**Provided data**
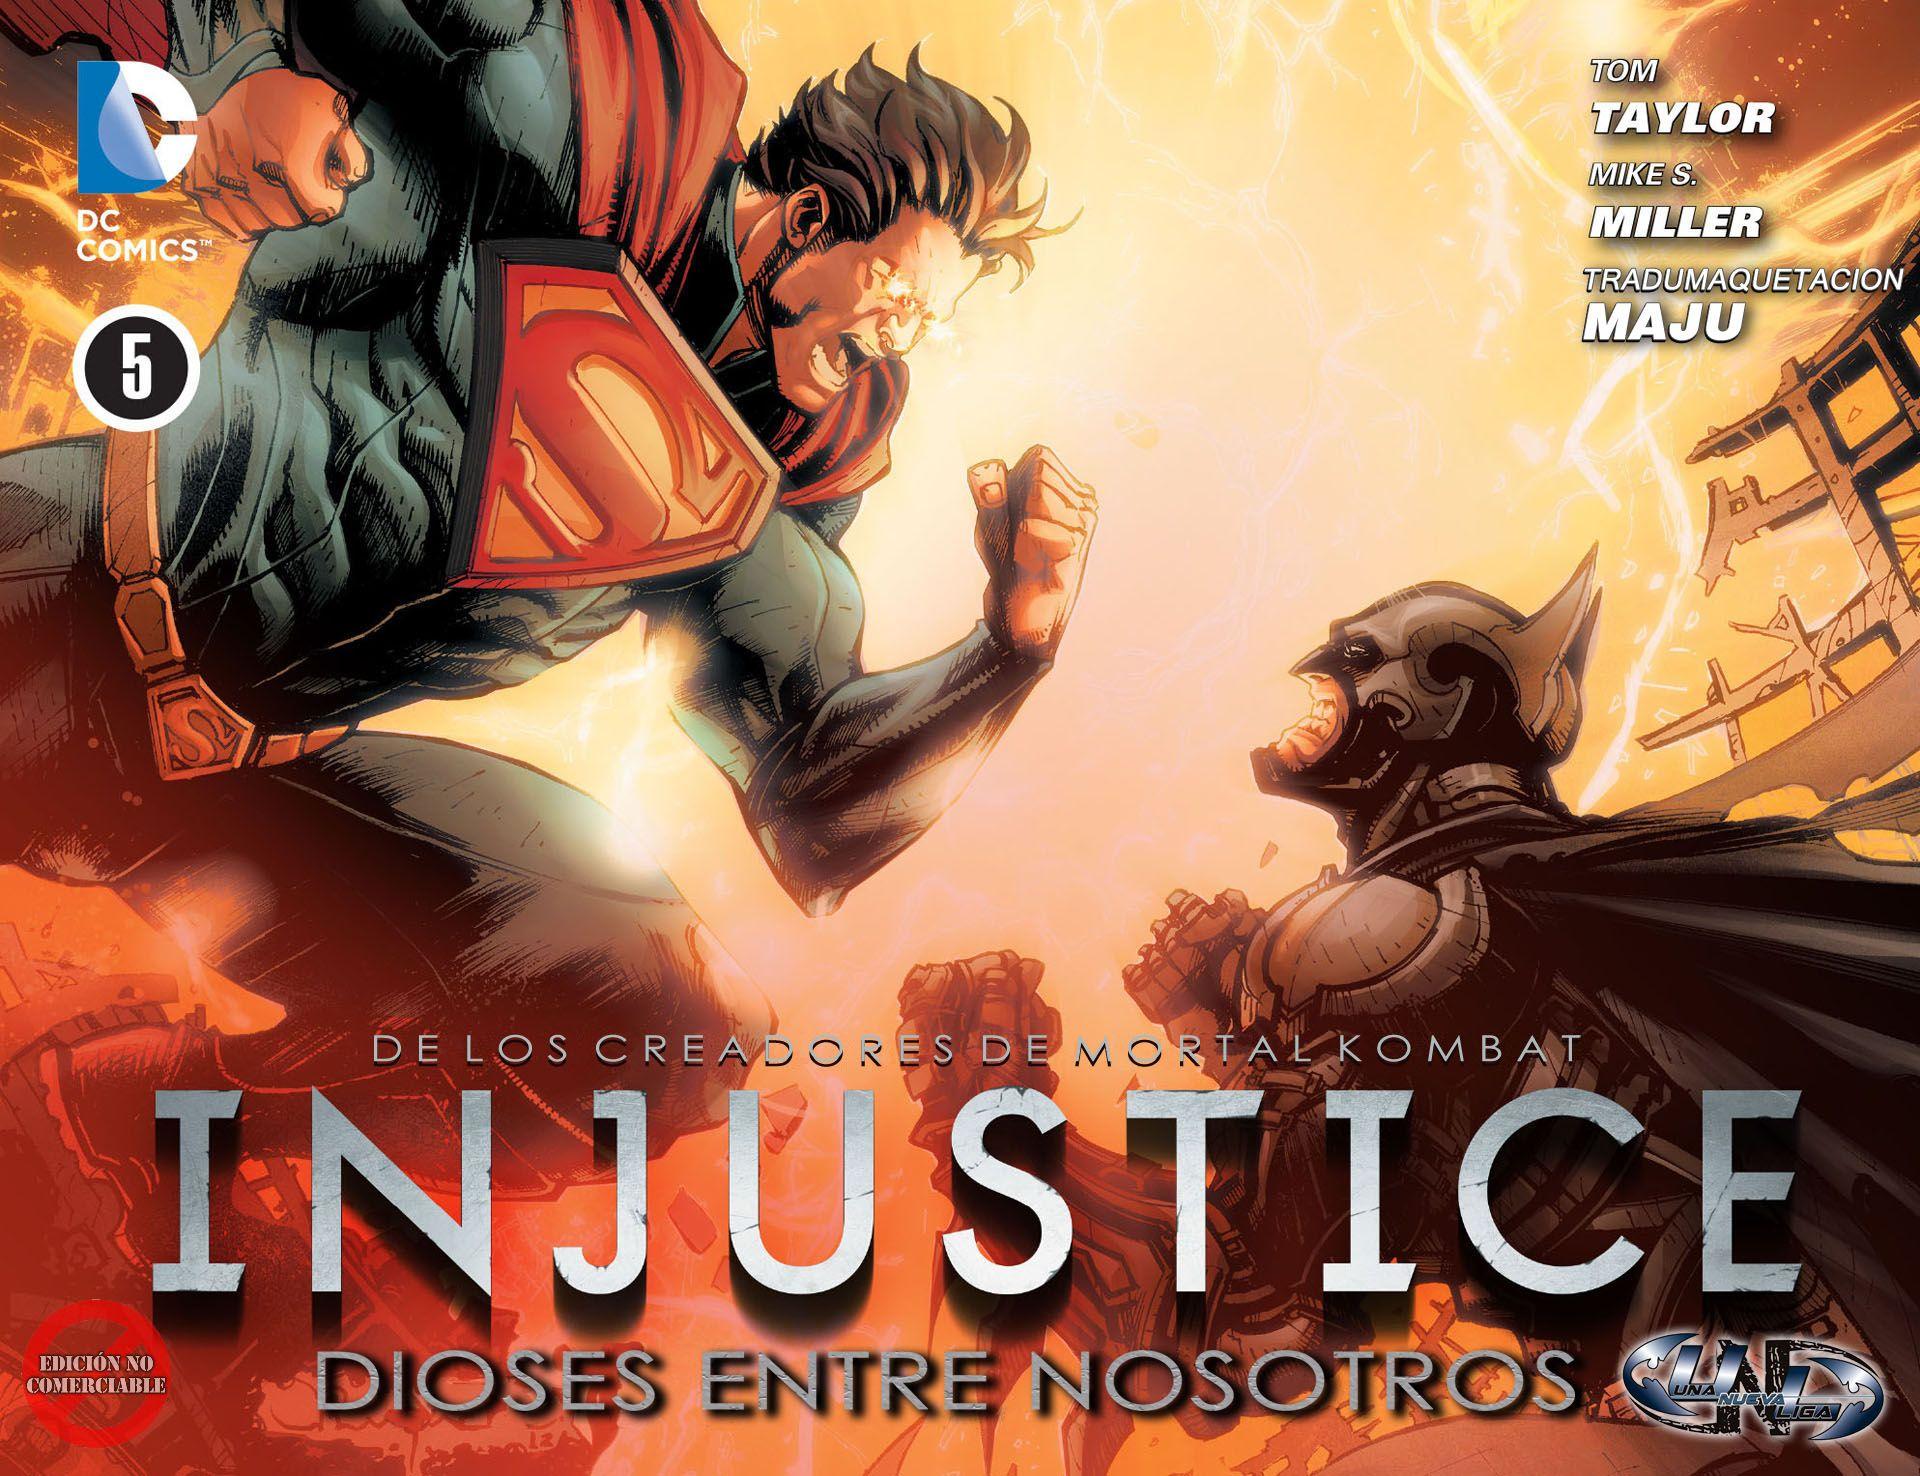 Superman vs Batman - Injustice - Gods among us
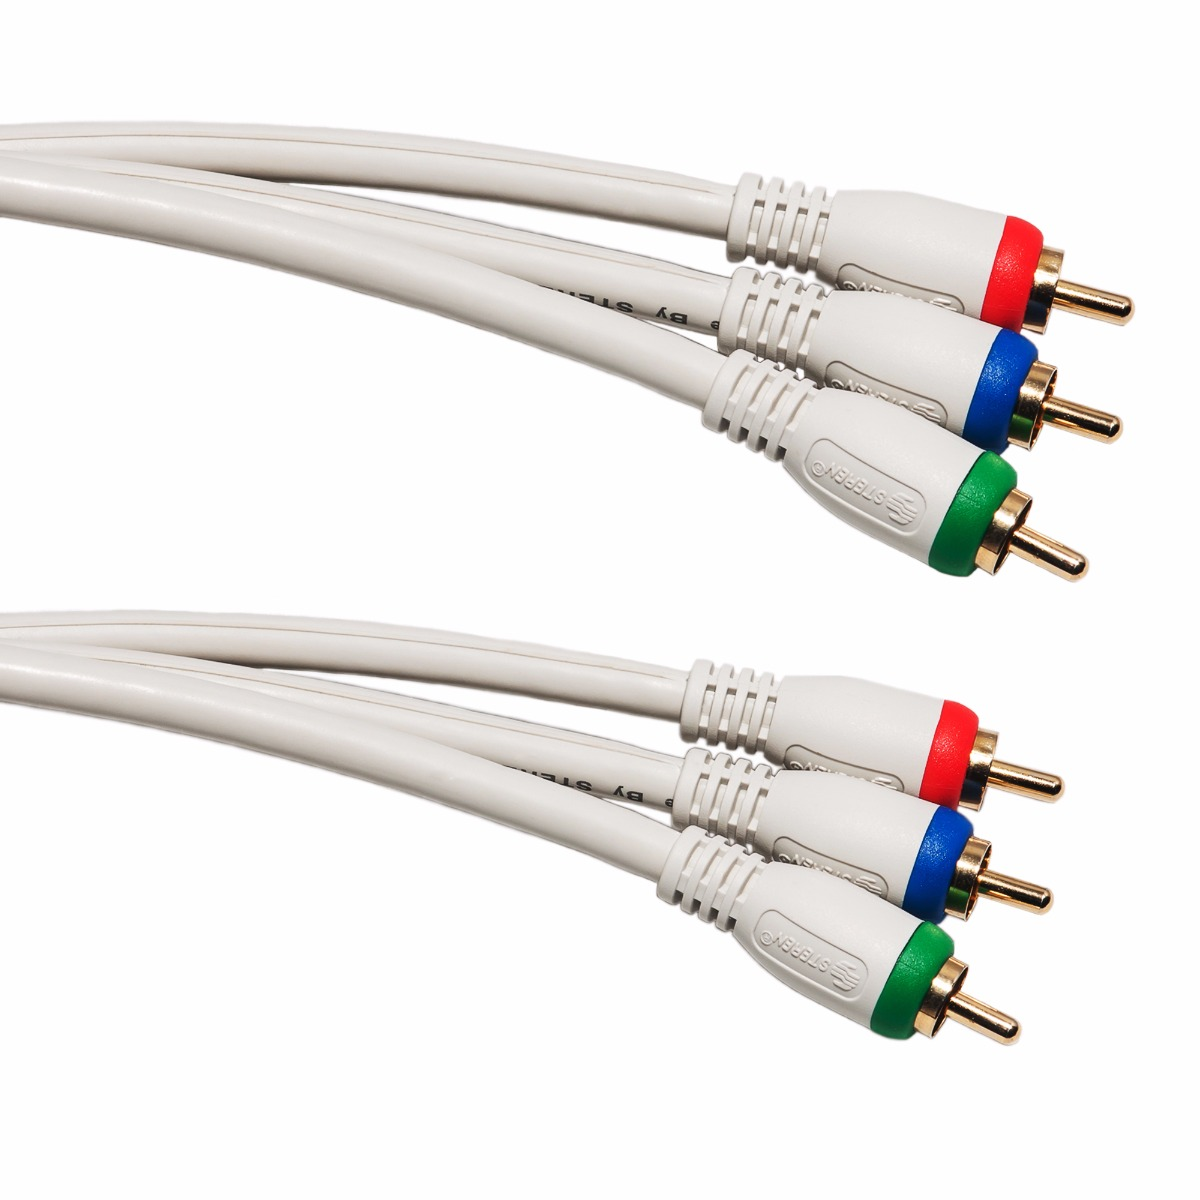 Component RCA Video Cables Shielded | ShowMeCables.com
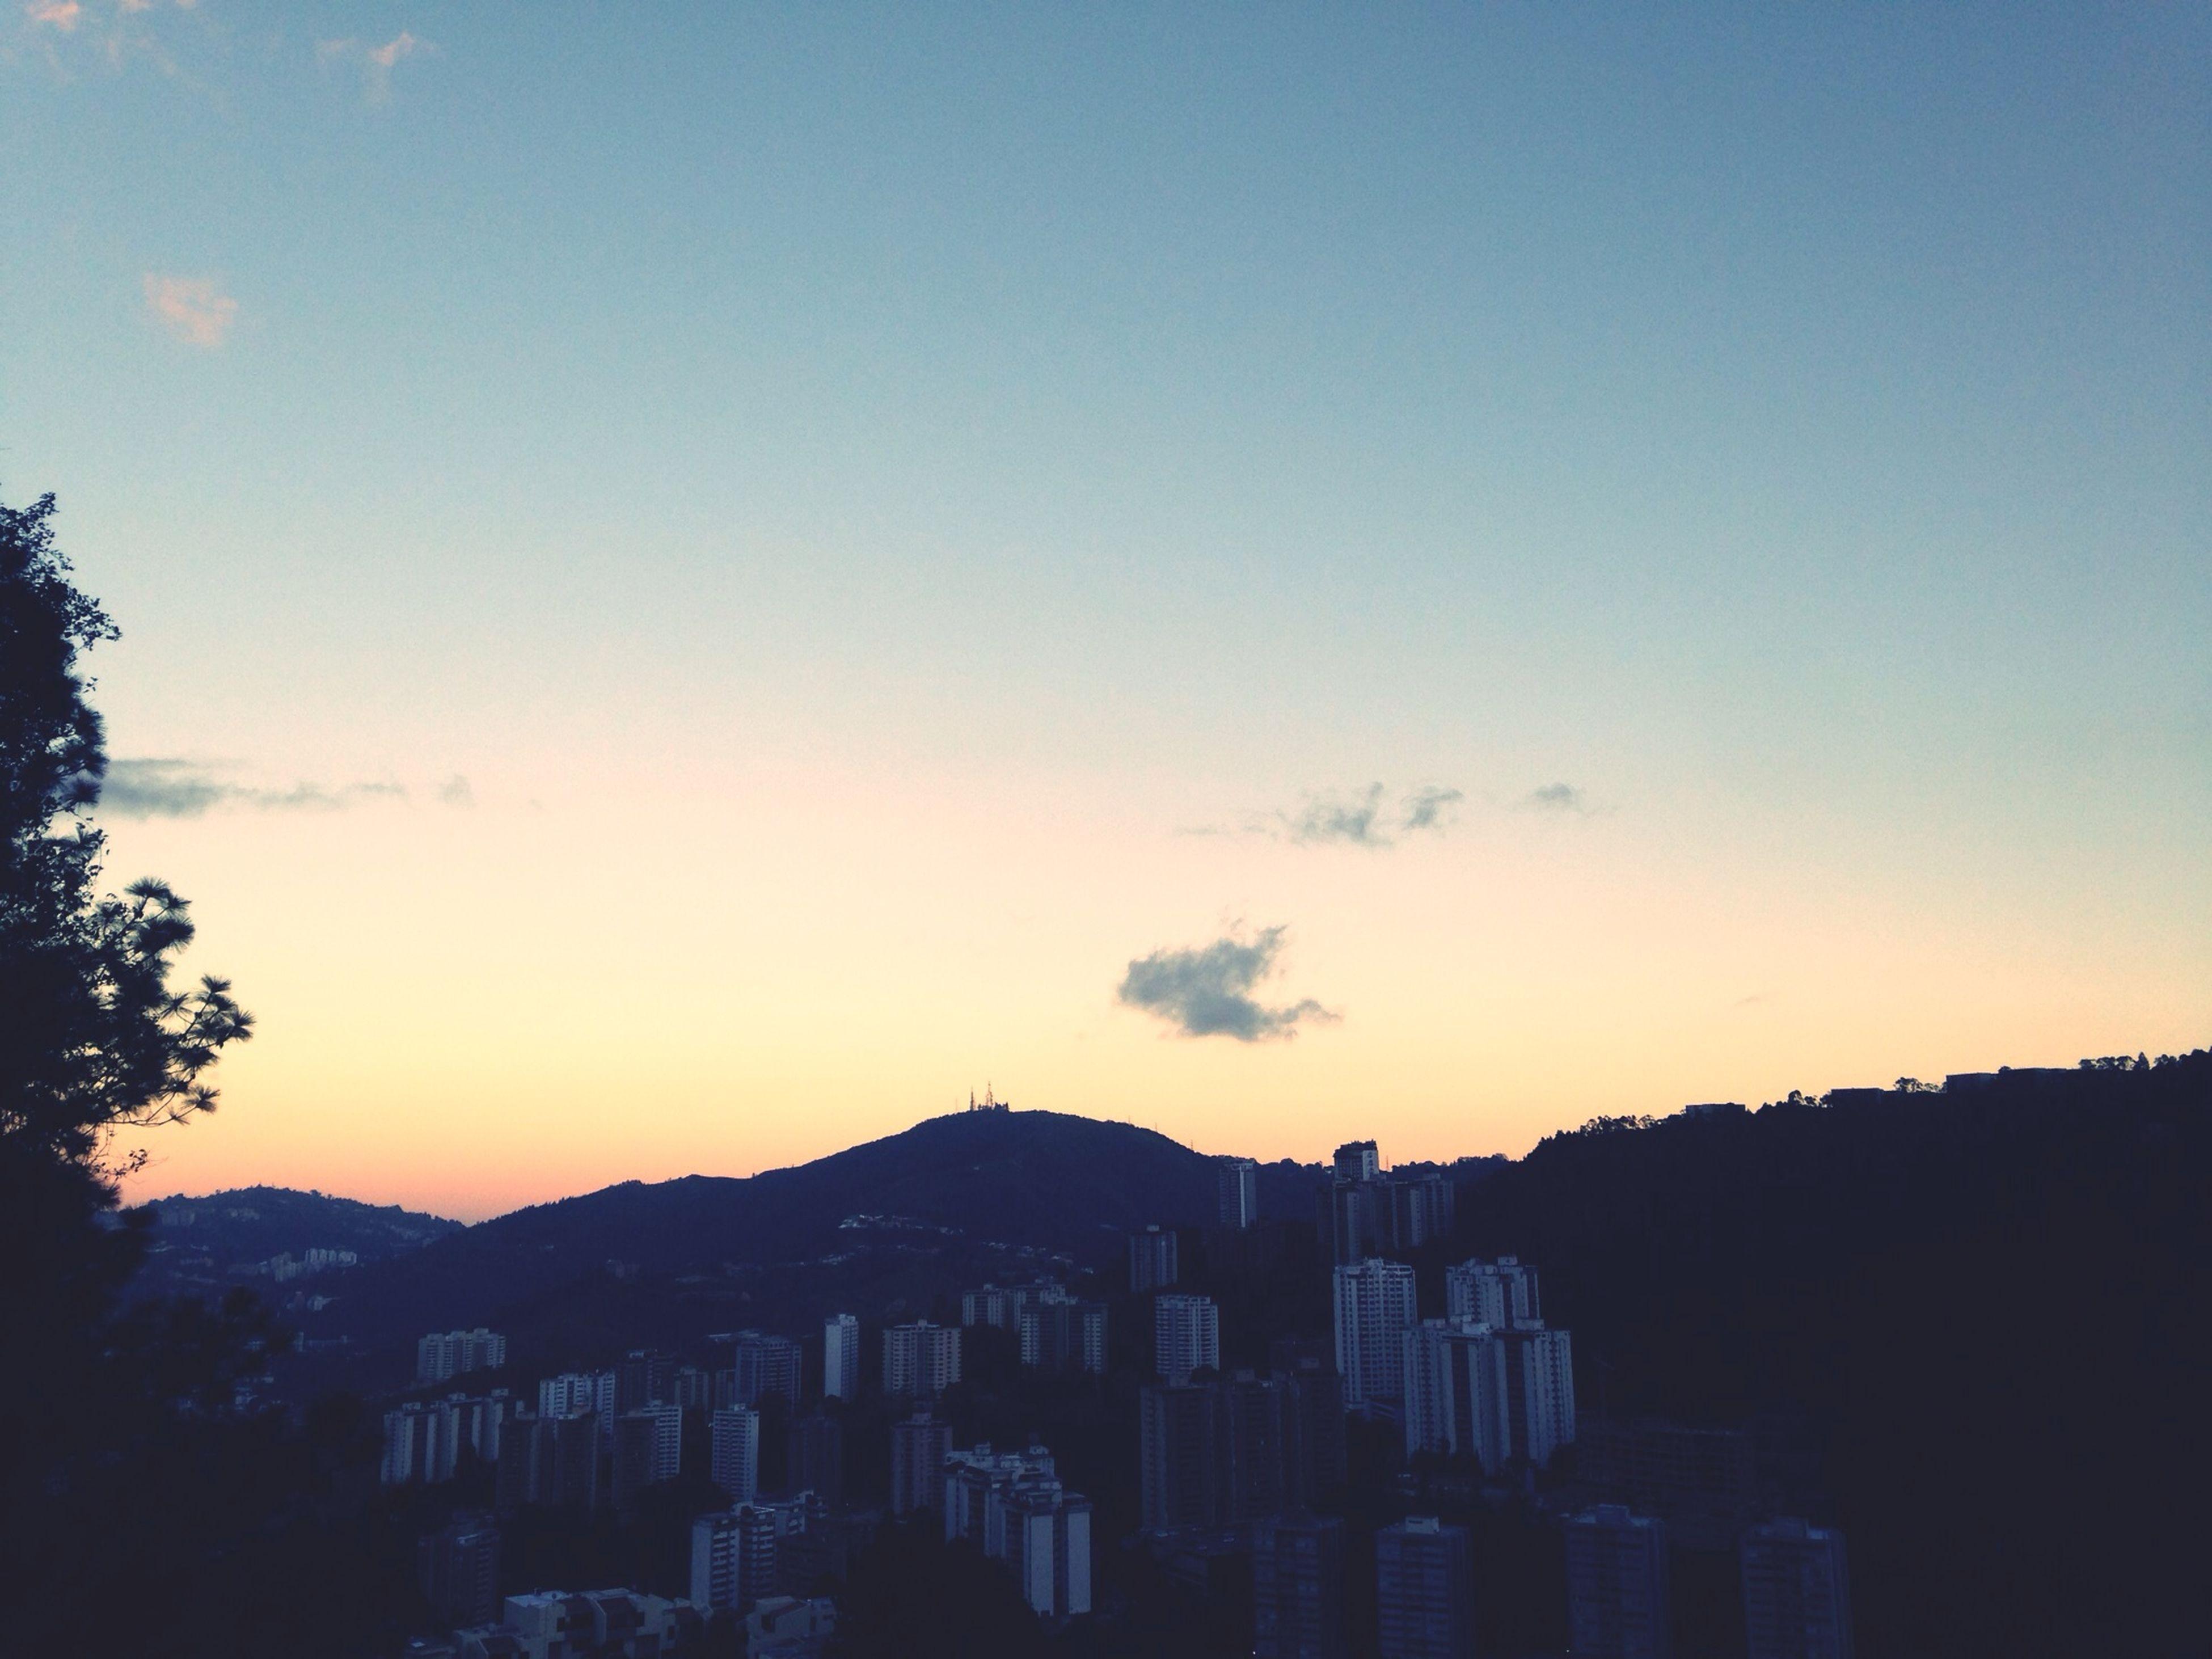 building exterior, architecture, built structure, sunset, city, cityscape, copy space, sky, silhouette, residential structure, residential building, clear sky, orange color, residential district, building, no people, outdoors, dusk, blue, mountain

**What the task asks**
In your output, repeat the listing above exactly and include none of the pictures.

**Result**
 Superman vs Batman - Injustice - Gods among us
 Component RCA Video Cables Shielded | ShowMeCables.com
 building exterior, architecture, built structure, sunset, city, cityscape, copy space, sky, silhouette, residential structure, residential building, clear sky, orange color, residential district, building, no people, outdoors, dusk, blue, mountain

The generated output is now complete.